Sergei Gavrilovich Navashin (); (14 December 1857 – 10 December 1930) was a Russian and Soviet biologist. He discovered double fertilization in plants in 1898.

Biography 
1874 — enters  the Medical Surgical Academy in St. Petersburg, works on chemistry in the laboratory of A. Borodin

1878 — moves to the Moscow University, obtains Candidate degree in 1881 in Biology. Under the influence of K. Timiryazev and V. Zinger starts to study Botany.
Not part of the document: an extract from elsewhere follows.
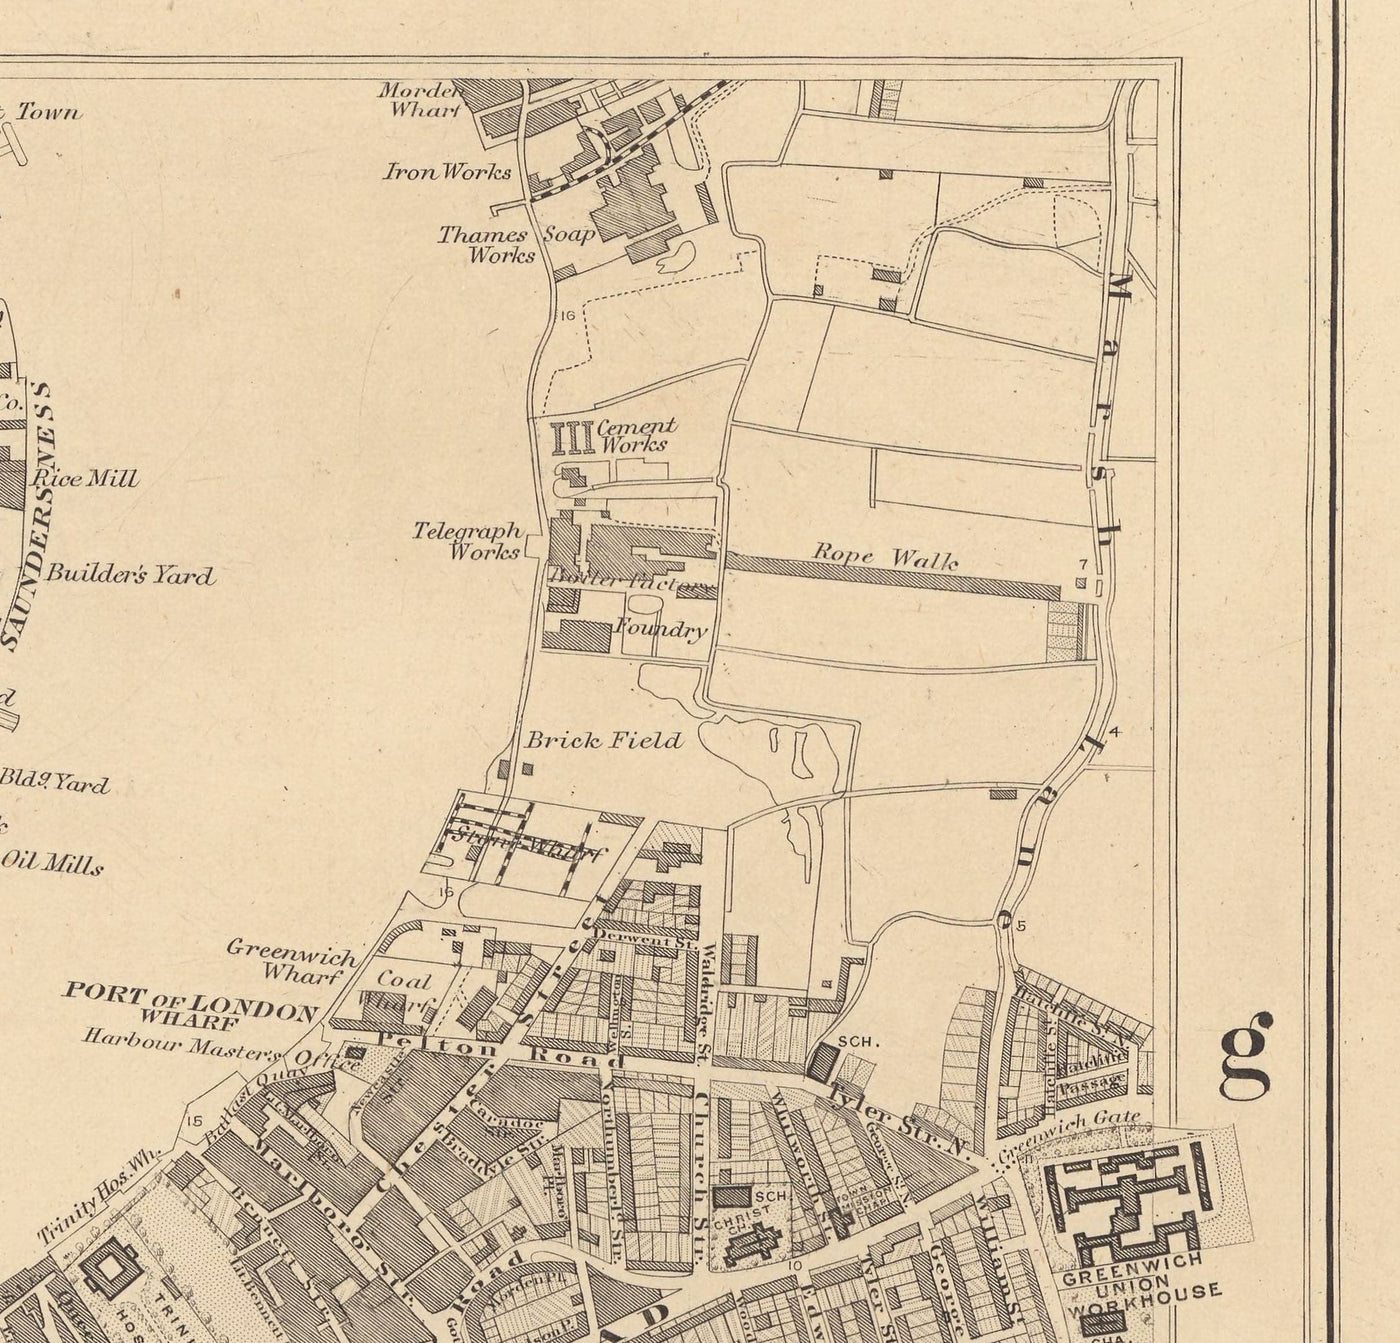 Old Map of South London in 1862 by Edward Stanford - Greenwich, Deptford, New Cross, Blackheath - SE8, SE14, SE10, SE4, SE13

Receives a position of a laboratory assistant at the chair of Plant Physiology and later (1885) in the Petrovskaya Agricultural Academy.

1894 — is invited to work at the chair of Systematics and Morphology of the Kiev University.

During 1894-1914 works as a director of the Botanical Garden of Kiev University

1896 — defends his doctoral thesis at Odessa University

1918-1923—professor of Tbilisi University (Georgia)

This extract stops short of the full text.